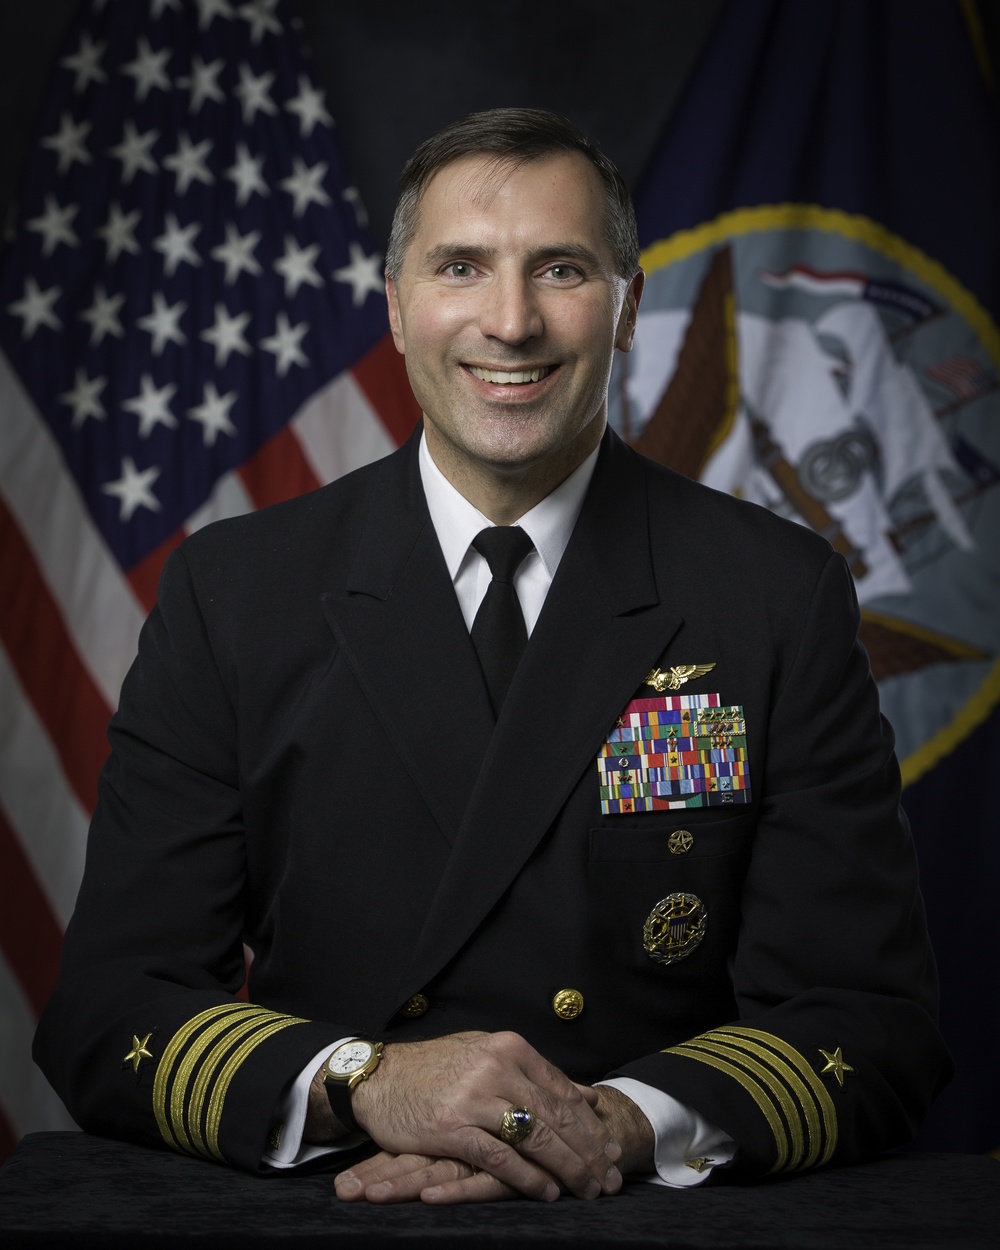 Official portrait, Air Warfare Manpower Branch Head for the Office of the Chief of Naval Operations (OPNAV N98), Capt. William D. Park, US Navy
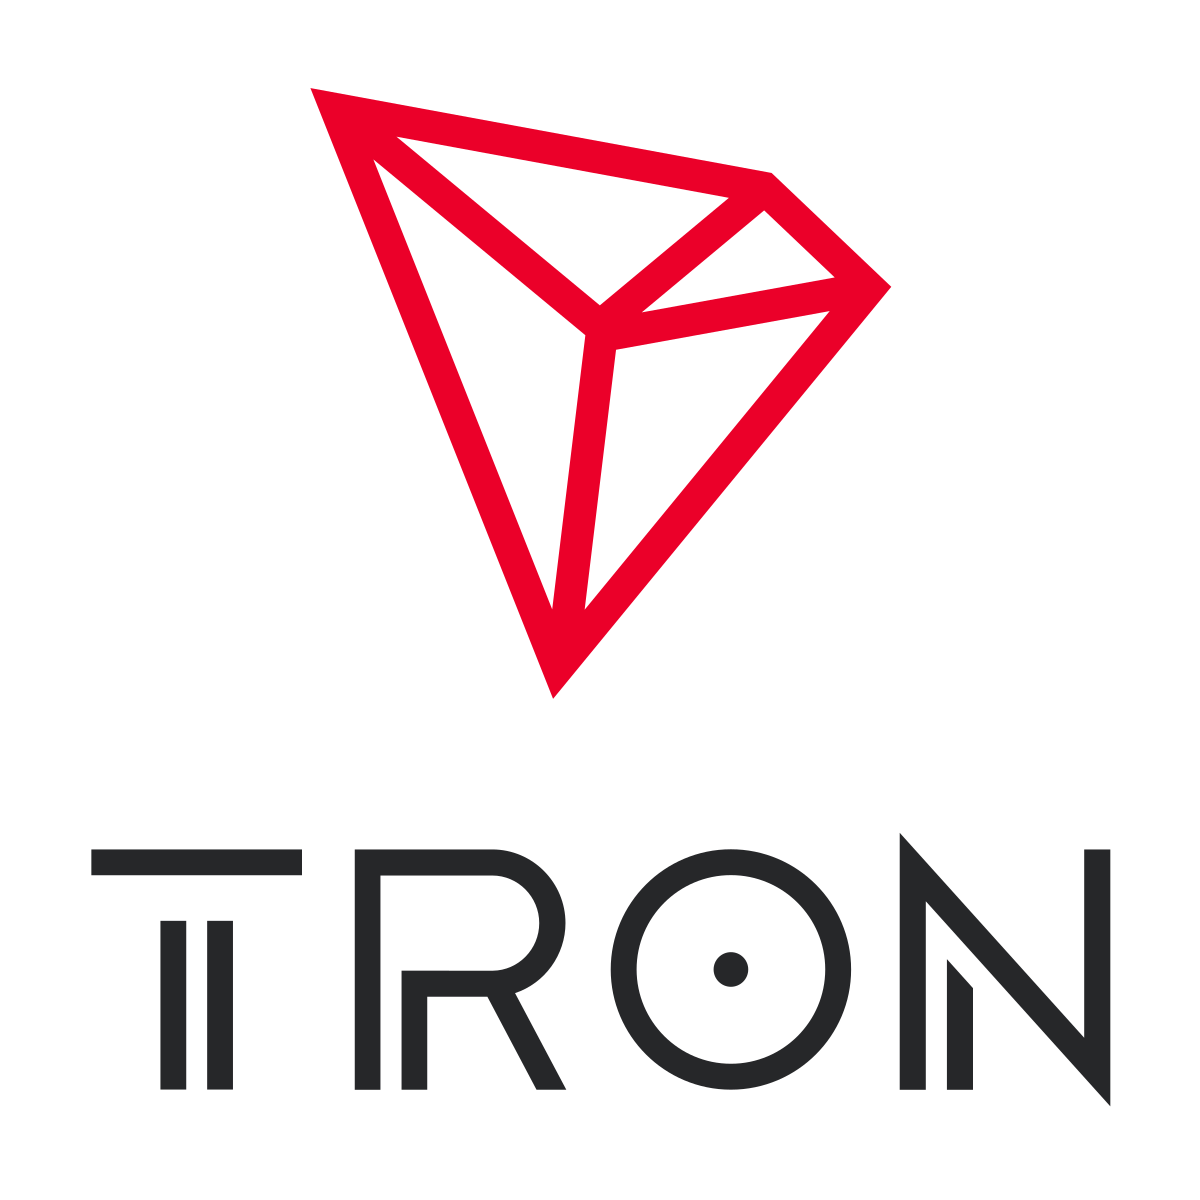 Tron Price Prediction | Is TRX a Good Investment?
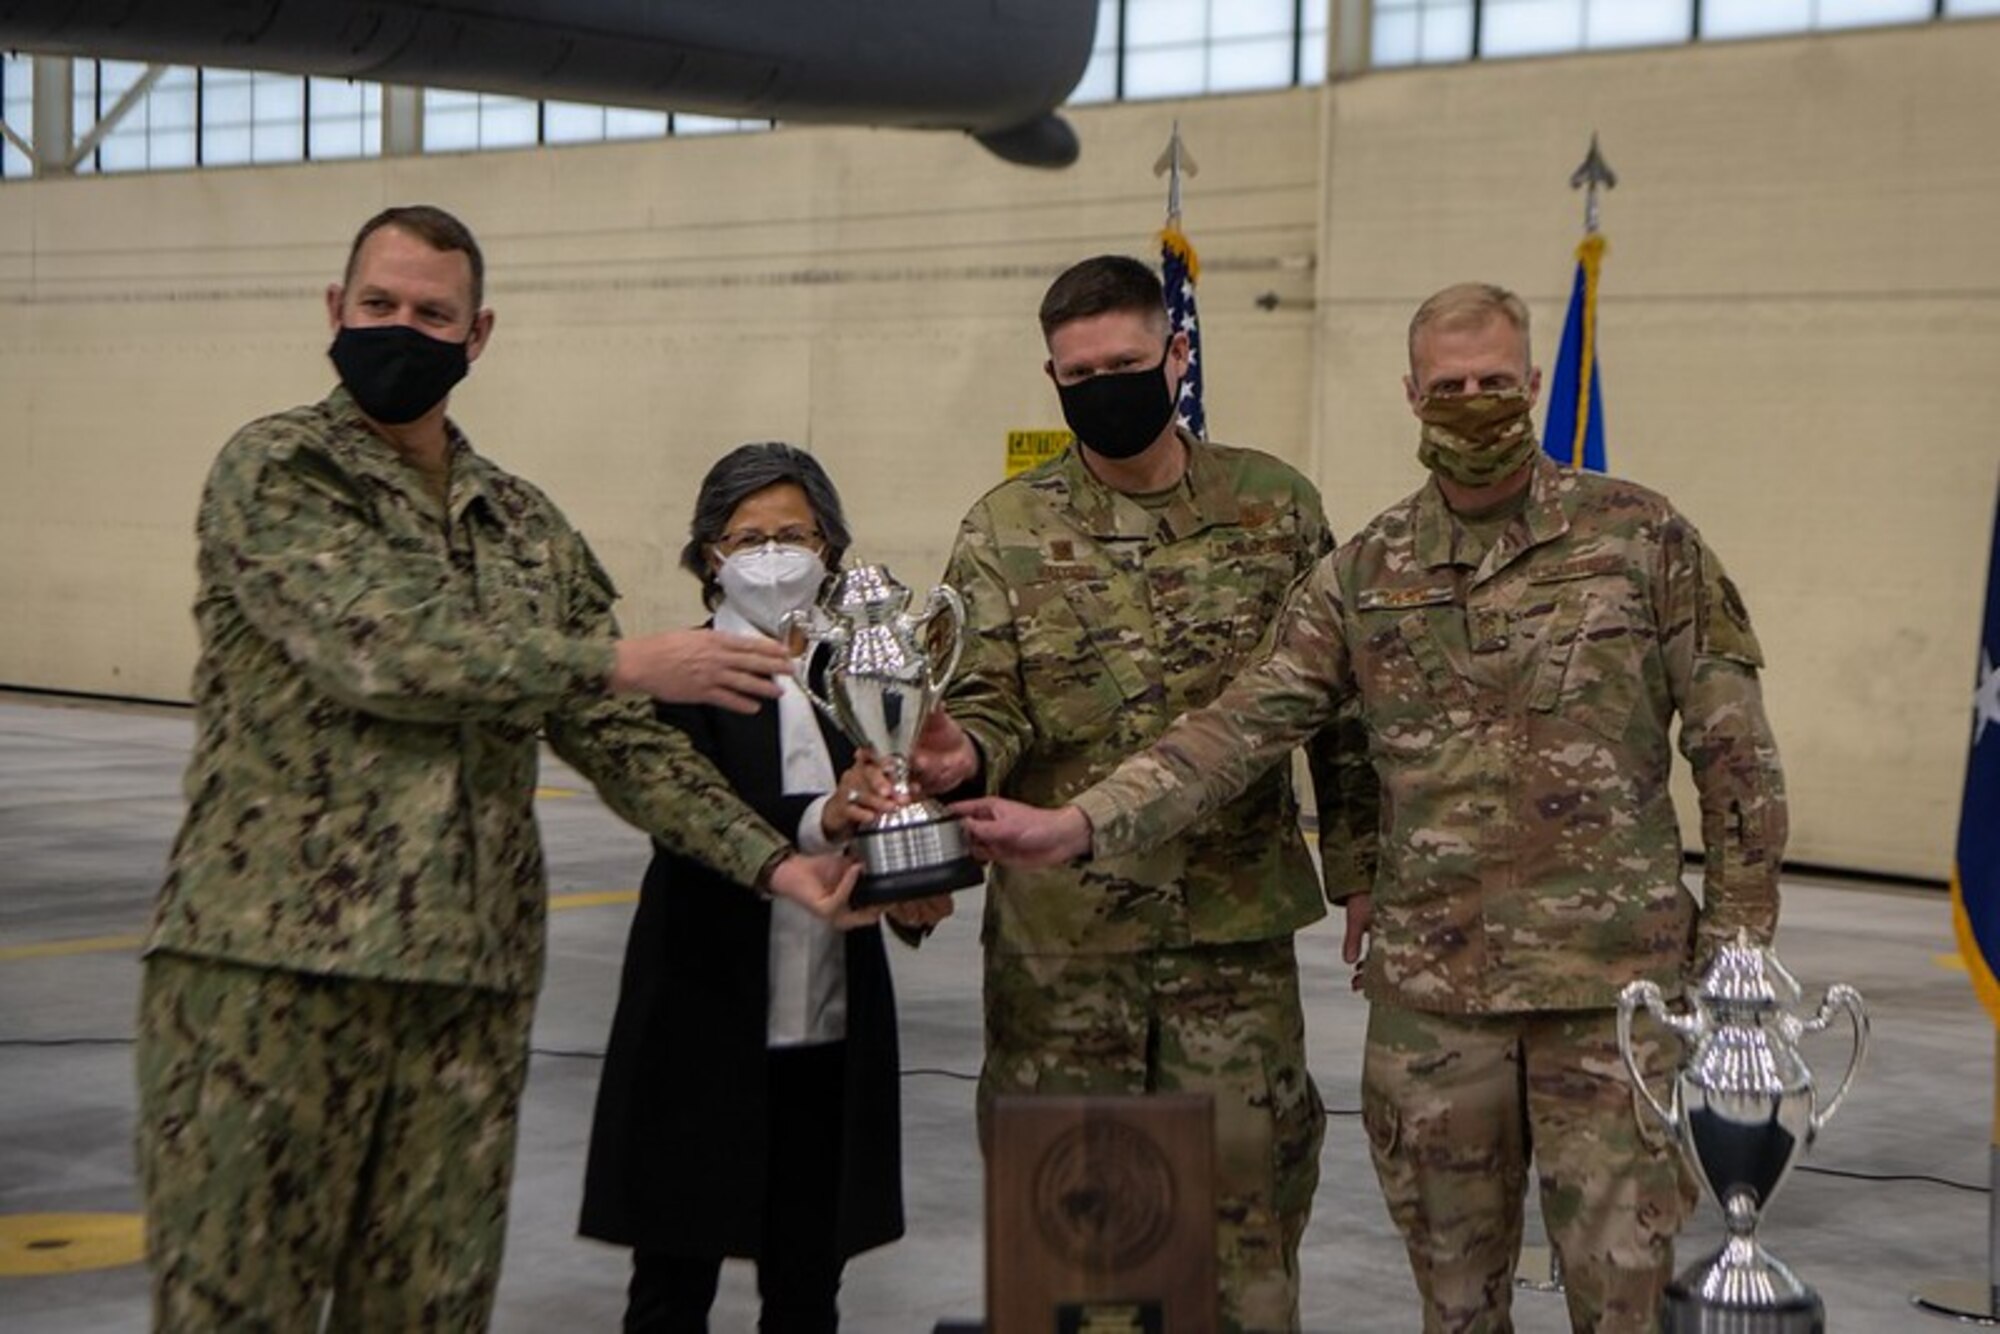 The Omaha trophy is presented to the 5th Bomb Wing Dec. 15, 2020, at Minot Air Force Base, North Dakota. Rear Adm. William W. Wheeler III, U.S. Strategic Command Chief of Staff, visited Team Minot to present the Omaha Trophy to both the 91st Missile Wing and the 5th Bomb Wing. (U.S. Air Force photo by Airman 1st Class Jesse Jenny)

==

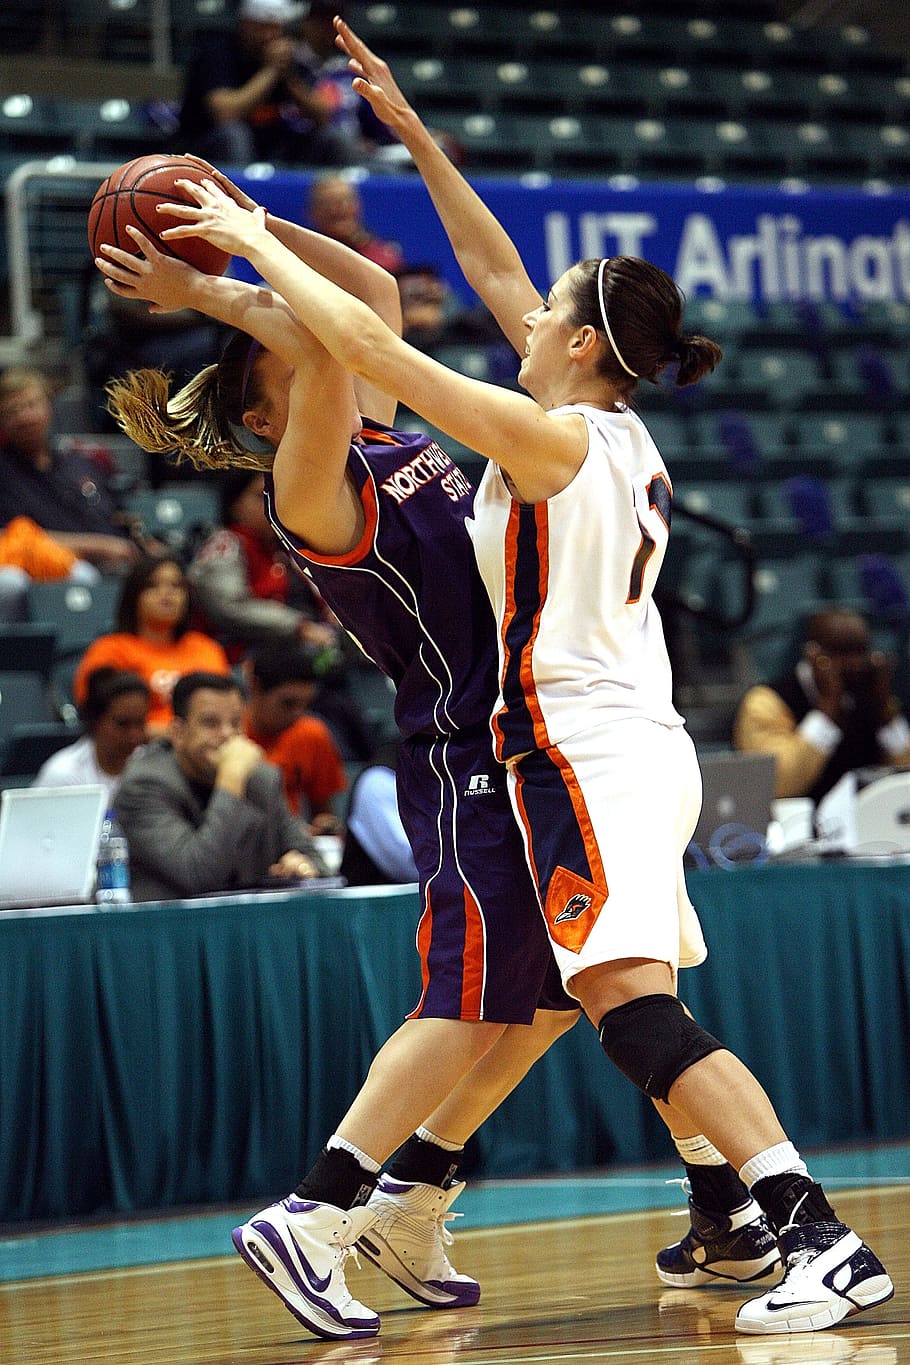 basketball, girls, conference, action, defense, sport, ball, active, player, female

About this task | Above are the records. Copy only the lines from the one with "Official portrait, Air" through the one with "Tron Price Prediction", exactly, with no pictures.

Written reply |
 Official portrait, Air Warfare Manpower Branch Head for the Office of the Chief of Naval Operations (OPNAV N98), Capt. William D. Park, US Navy
 Tron Price Prediction | Is TRX a Good Investment?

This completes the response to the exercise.